- What is needed: After reading the data, copy it out in full and exactly.

- Records for processing:

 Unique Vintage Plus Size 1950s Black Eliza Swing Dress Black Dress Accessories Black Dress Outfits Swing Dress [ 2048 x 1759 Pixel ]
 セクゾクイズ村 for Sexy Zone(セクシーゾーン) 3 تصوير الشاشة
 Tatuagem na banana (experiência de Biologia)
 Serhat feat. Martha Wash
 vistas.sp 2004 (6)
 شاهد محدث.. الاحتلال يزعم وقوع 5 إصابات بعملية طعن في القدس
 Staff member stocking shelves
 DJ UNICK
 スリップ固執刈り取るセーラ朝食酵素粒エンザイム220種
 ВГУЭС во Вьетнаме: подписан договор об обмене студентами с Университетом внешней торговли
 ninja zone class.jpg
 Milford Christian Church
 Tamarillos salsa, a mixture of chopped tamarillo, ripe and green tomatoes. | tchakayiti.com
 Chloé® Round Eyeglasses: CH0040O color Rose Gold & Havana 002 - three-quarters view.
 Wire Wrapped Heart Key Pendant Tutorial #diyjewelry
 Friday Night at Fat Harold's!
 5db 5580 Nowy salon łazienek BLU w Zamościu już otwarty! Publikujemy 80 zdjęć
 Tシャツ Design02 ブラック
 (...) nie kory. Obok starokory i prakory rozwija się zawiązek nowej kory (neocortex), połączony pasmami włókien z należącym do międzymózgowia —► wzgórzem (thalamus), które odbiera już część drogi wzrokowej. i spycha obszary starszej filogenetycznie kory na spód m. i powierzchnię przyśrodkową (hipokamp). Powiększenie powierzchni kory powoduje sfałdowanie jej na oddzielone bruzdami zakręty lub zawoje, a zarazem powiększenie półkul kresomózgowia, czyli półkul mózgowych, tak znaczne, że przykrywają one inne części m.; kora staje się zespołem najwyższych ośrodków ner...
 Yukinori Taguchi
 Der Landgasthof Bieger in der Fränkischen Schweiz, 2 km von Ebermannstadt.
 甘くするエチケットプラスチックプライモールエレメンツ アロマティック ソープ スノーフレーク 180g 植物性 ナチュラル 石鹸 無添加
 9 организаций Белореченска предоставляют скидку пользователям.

- Output of the task:
 Unique Vintage Plus Size 1950s Black Eliza Swing Dress Black Dress Accessories Black Dress Outfits Swing Dress [ 2048 x 1759 Pixel ]
 セクゾクイズ村 for Sexy Zone(セクシーゾーン) 3 تصوير الشاشة
 Tatuagem na banana (experiência de Biologia)
 Serhat feat. Martha Wash
 vistas.sp 2004 (6)
 شاهد محدث.. الاحتلال يزعم وقوع 5 إصابات بعملية طعن في القدس
 Staff member stocking shelves
 DJ UNICK
 スリップ固執刈り取るセーラ朝食酵素粒エンザイム220種
 ВГУЭС во Вьетнаме: подписан договор об обмене студентами с Университетом внешней торговли
 ninja zone class.jpg
 Milford Christian Church
 Tamarillos salsa, a mixture of chopped tamarillo, ripe and green tomatoes. | tchakayiti.com
 Chloé® Round Eyeglasses: CH0040O color Rose Gold & Havana 002 - three-quarters view.
 Wire Wrapped Heart Key Pendant Tutorial #diyjewelry
 Friday Night at Fat Harold's!
 5db 5580 Nowy salon łazienek BLU w Zamościu już otwarty! Publikujemy 80 zdjęć
 Tシャツ Design02 ブラック
 (...) nie kory. Obok starokory i prakory rozwija się zawiązek nowej kory (neocortex), połączony pasmami włókien z należącym do międzymózgowia —► wzgórzem (thalamus), które odbiera już część drogi wzrokowej. i spycha obszary starszej filogenetycznie kory na spód m. i powierzchnię przyśrodkową (hipokamp). Powiększenie powierzchni kory powoduje sfałdowanie jej na oddzielone bruzdami zakręty lub zawoje, a zarazem powiększenie półkul kresomózgowia, czyli półkul mózgowych, tak znaczne, że przykrywają one inne części m.; kora staje się zespołem najwyższych ośrodków ner...
 Yukinori Taguchi
 Der Landgasthof Bieger in der Fränkischen Schweiz, 2 km von Ebermannstadt.
 甘くするエチケットプラスチックプライモールエレメンツ アロマティック ソープ スノーフレーク 180g 植物性 ナチュラル 石鹸 無添加
 9 организаций Белореченска предоставляют скидку пользователям.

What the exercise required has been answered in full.